Your objective:
Copy out and return the lines from the one holding "Spain golf holidays" to the end of the listing below, both included, omitting the pictures.

Data section:
__________________________________________________

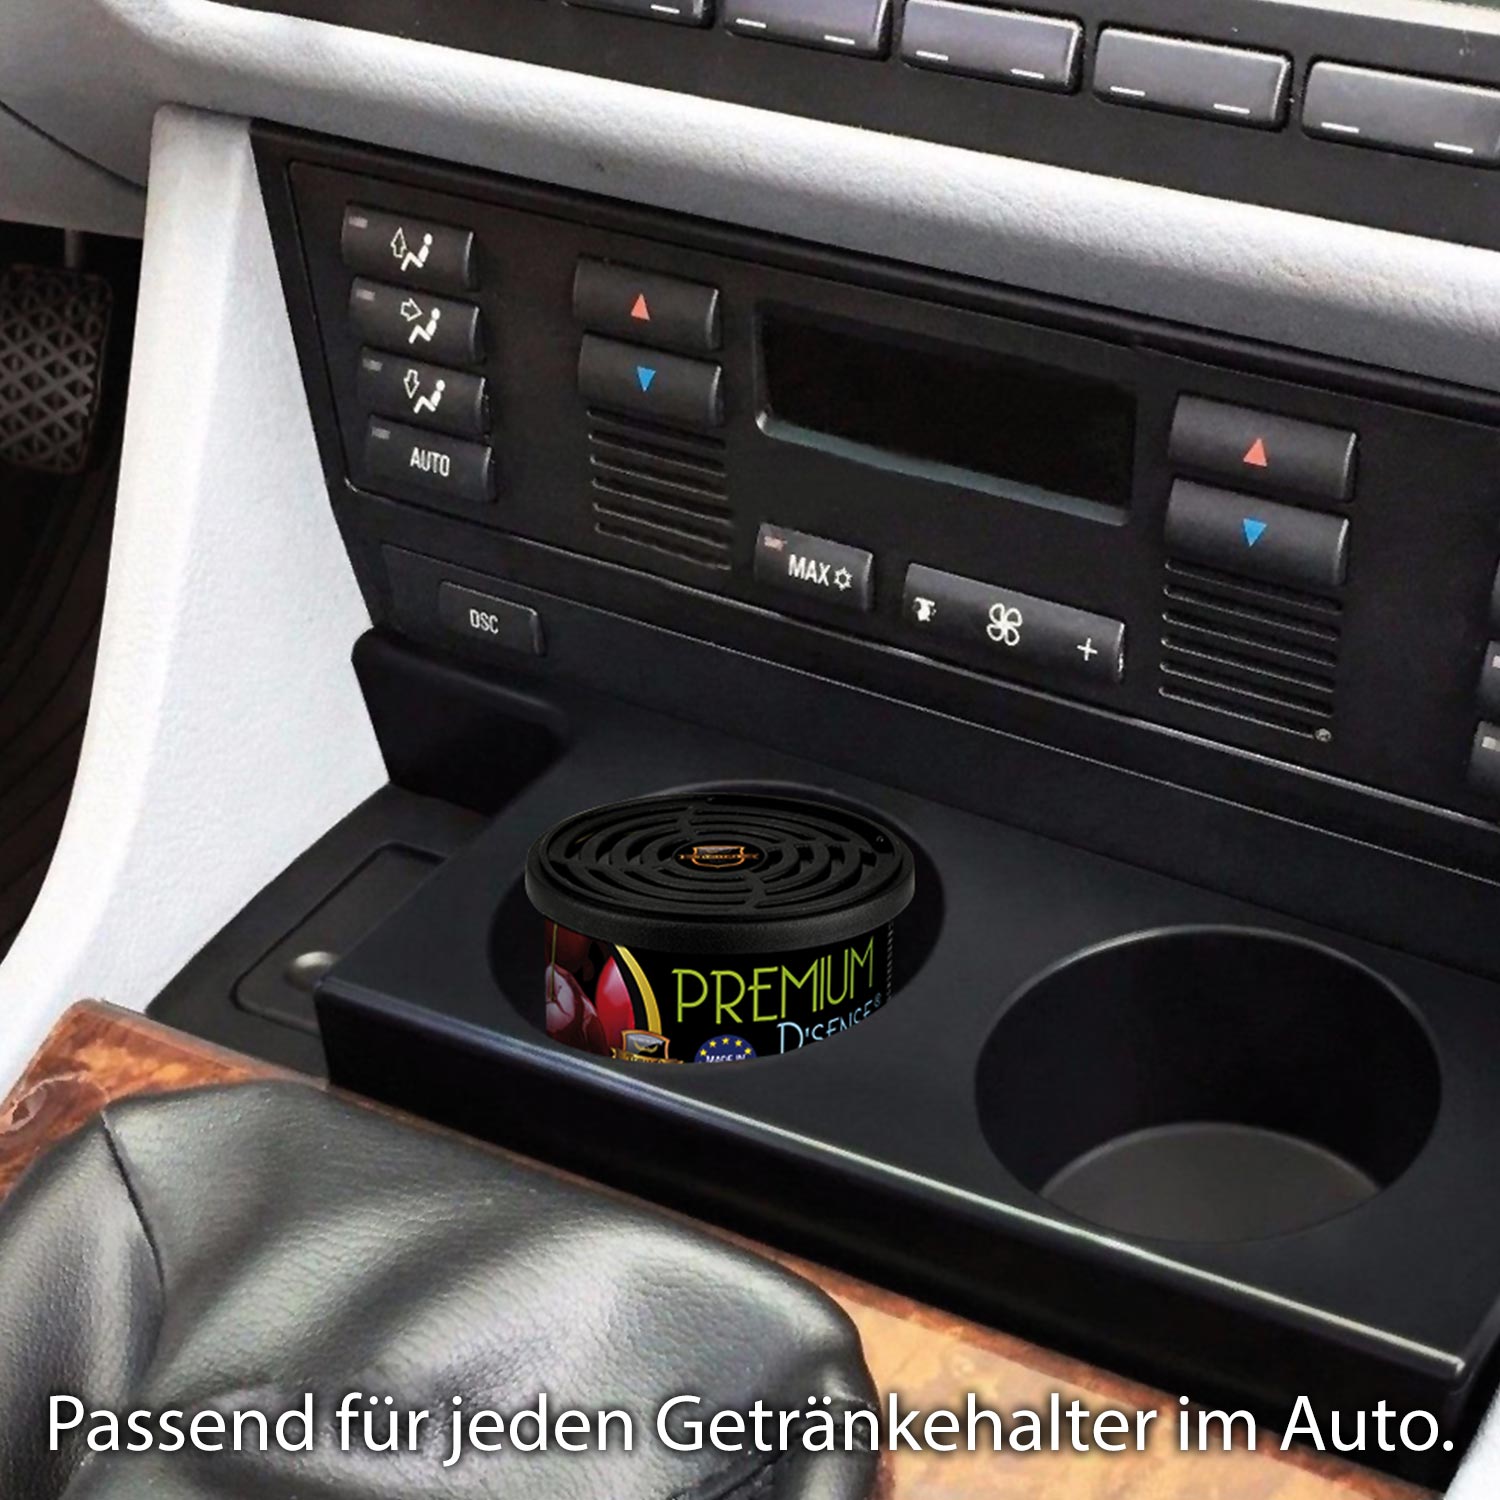 Autoduft Premium D'Sense  Lufterfrischer verschiedene Düfte
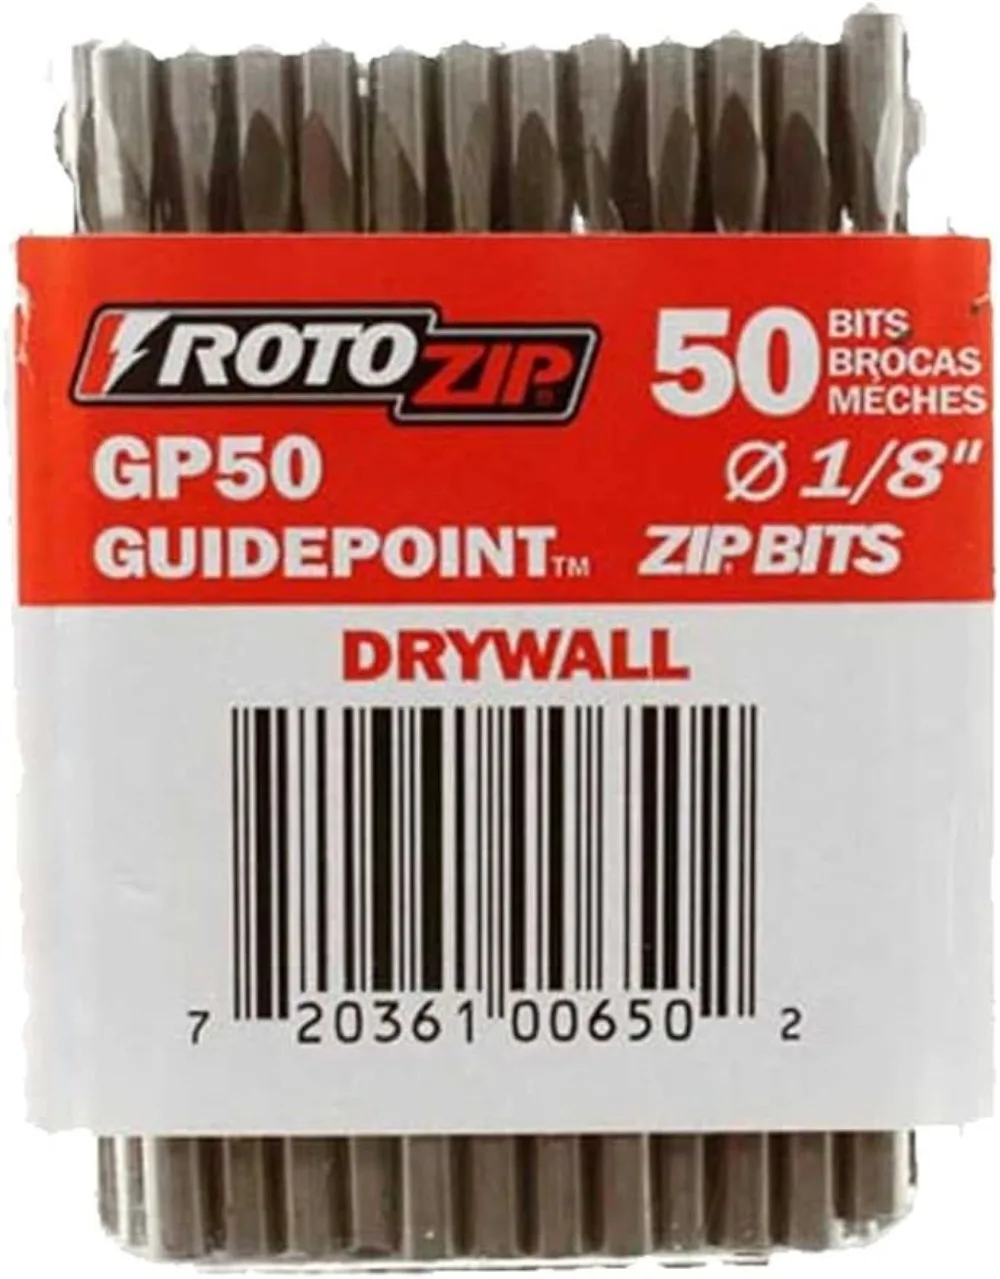 

RotoZip GP50 2,5-дюймовые направляющие для гипсокартона, режущие сверла (50 шт. в упаковке), режущие гипсокартоны, для использования с Roto Zip спиральная пила
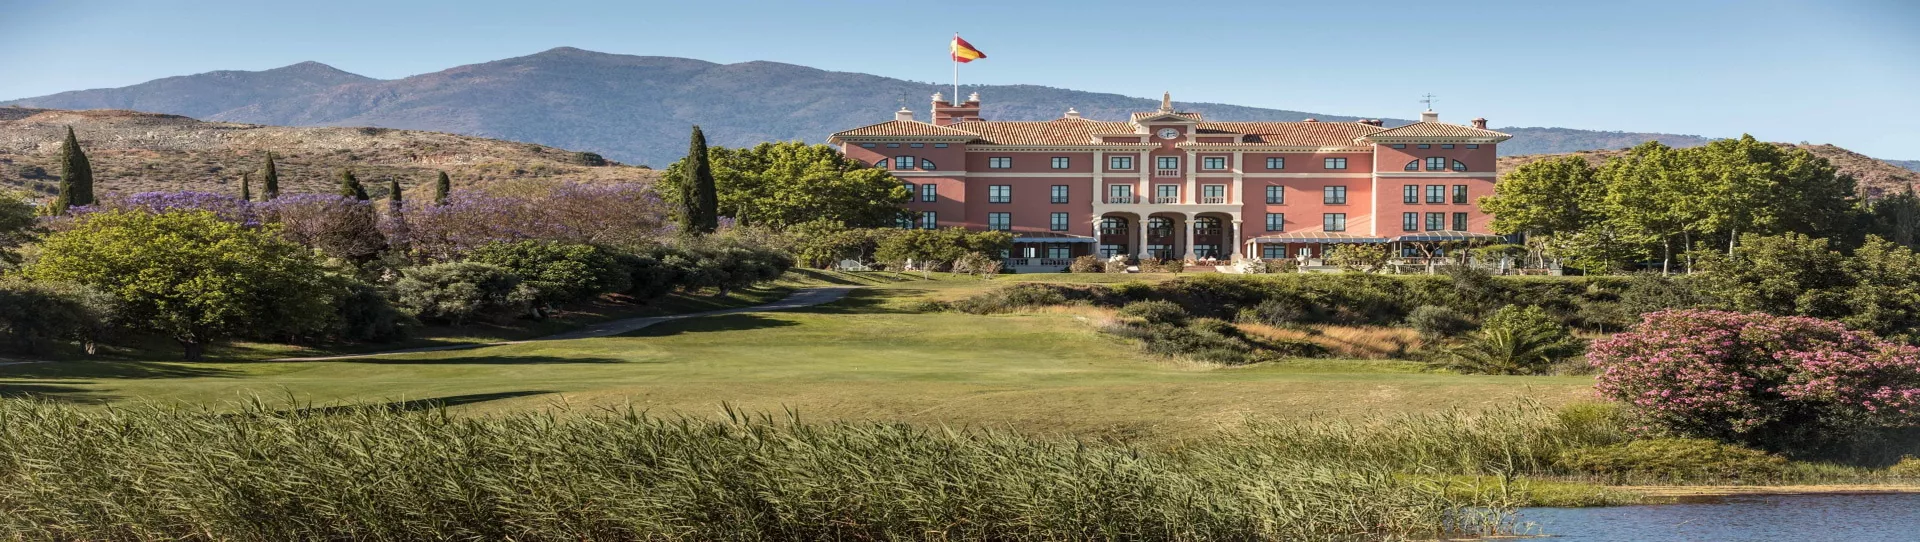 Spain golf holidays - Anantara Villa Padierna Palace Hotel G.L. - Photo 1
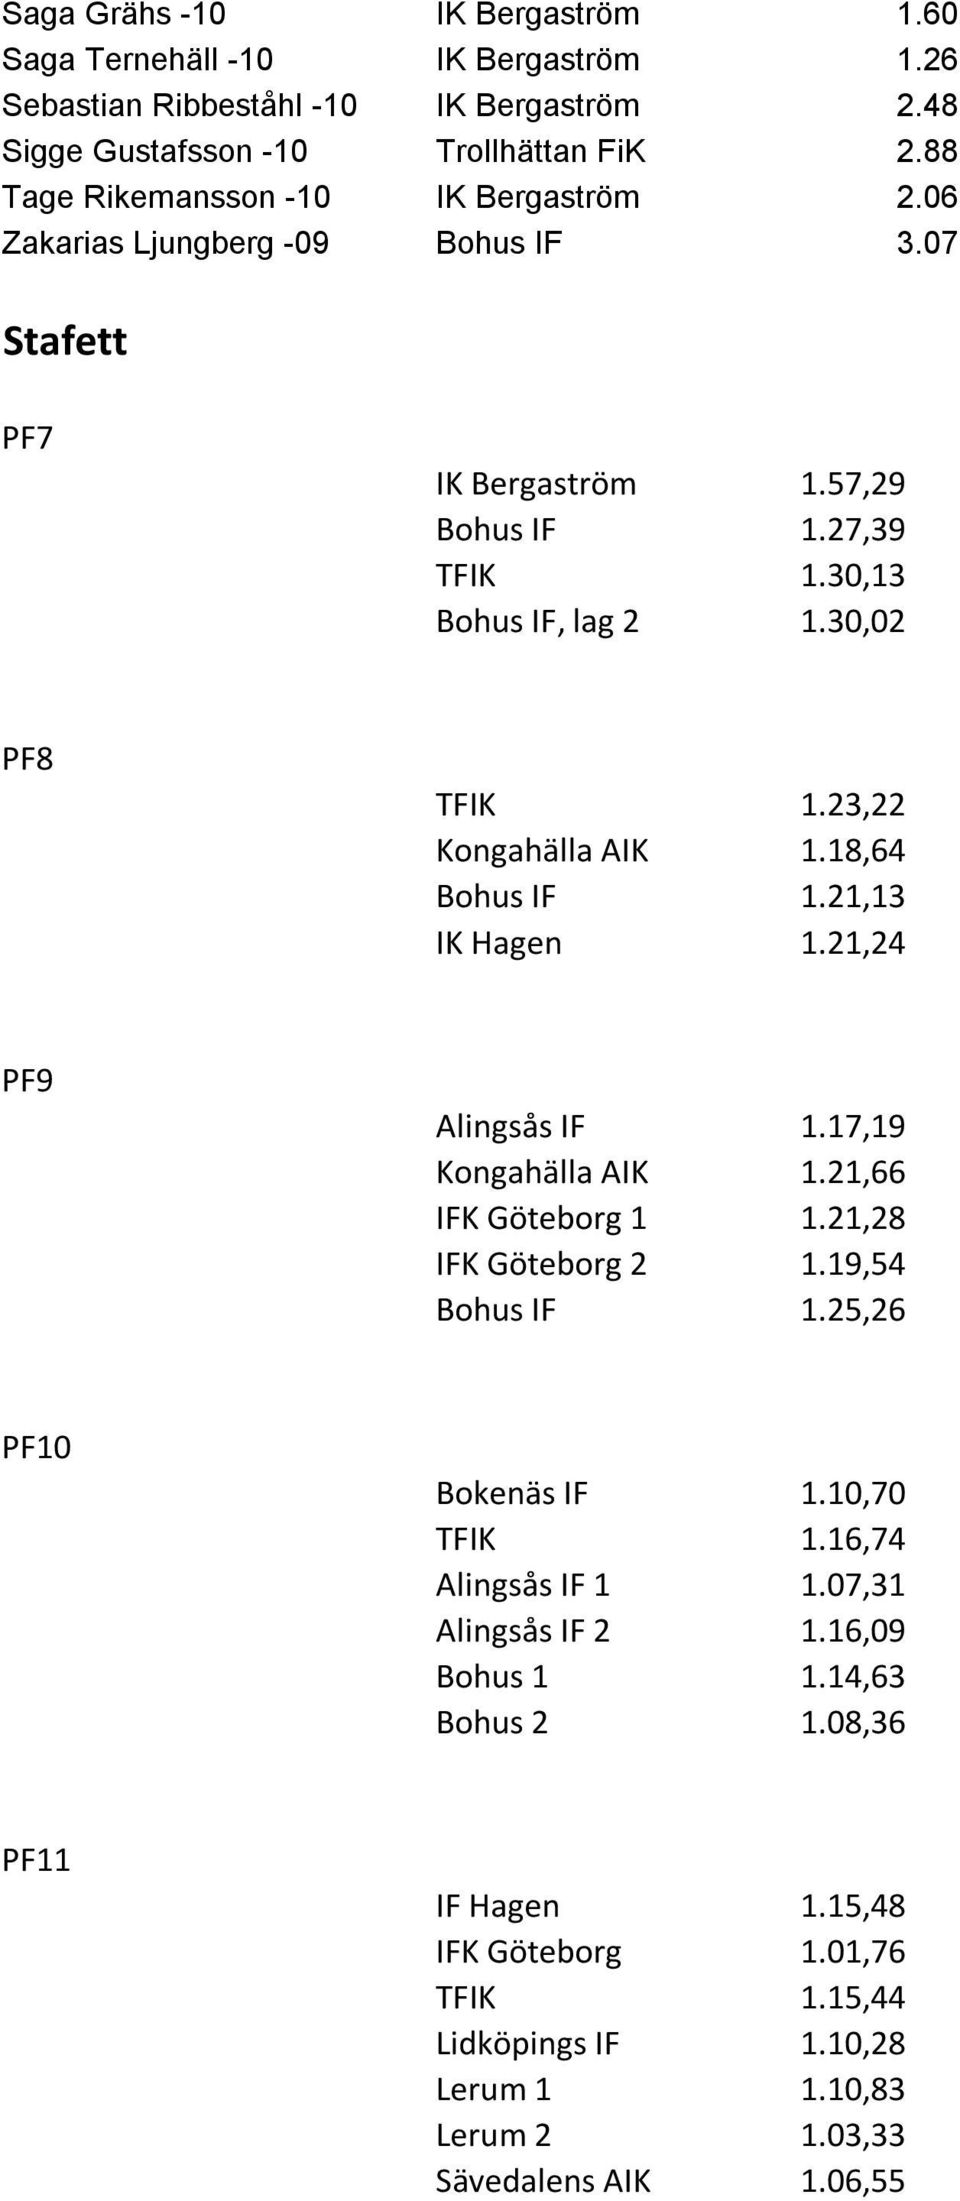 23,22 Kongahälla AIK 1.18,64 Bohus IF 1.21,13 IK Hagen 1.21,24 PF9 Alingsås IF 1.17,19 Kongahälla AIK 1.21,66 IFK Göteborg 1 1.21,28 IFK Göteborg 2 1.19,54 Bohus IF 1.

__________________________________________________

Answer to the problem:
 Spain golf holidays - Anantara Villa Padierna Palace Hotel G.L. - Photo 1
 23,22 Kongahälla AIK 1.18,64 Bohus IF 1.21,13 IK Hagen 1.21,24 PF9 Alingsås IF 1.17,19 Kongahälla AIK 1.21,66 IFK Göteborg 1 1.21,28 IFK Göteborg 2 1.19,54 Bohus IF 1.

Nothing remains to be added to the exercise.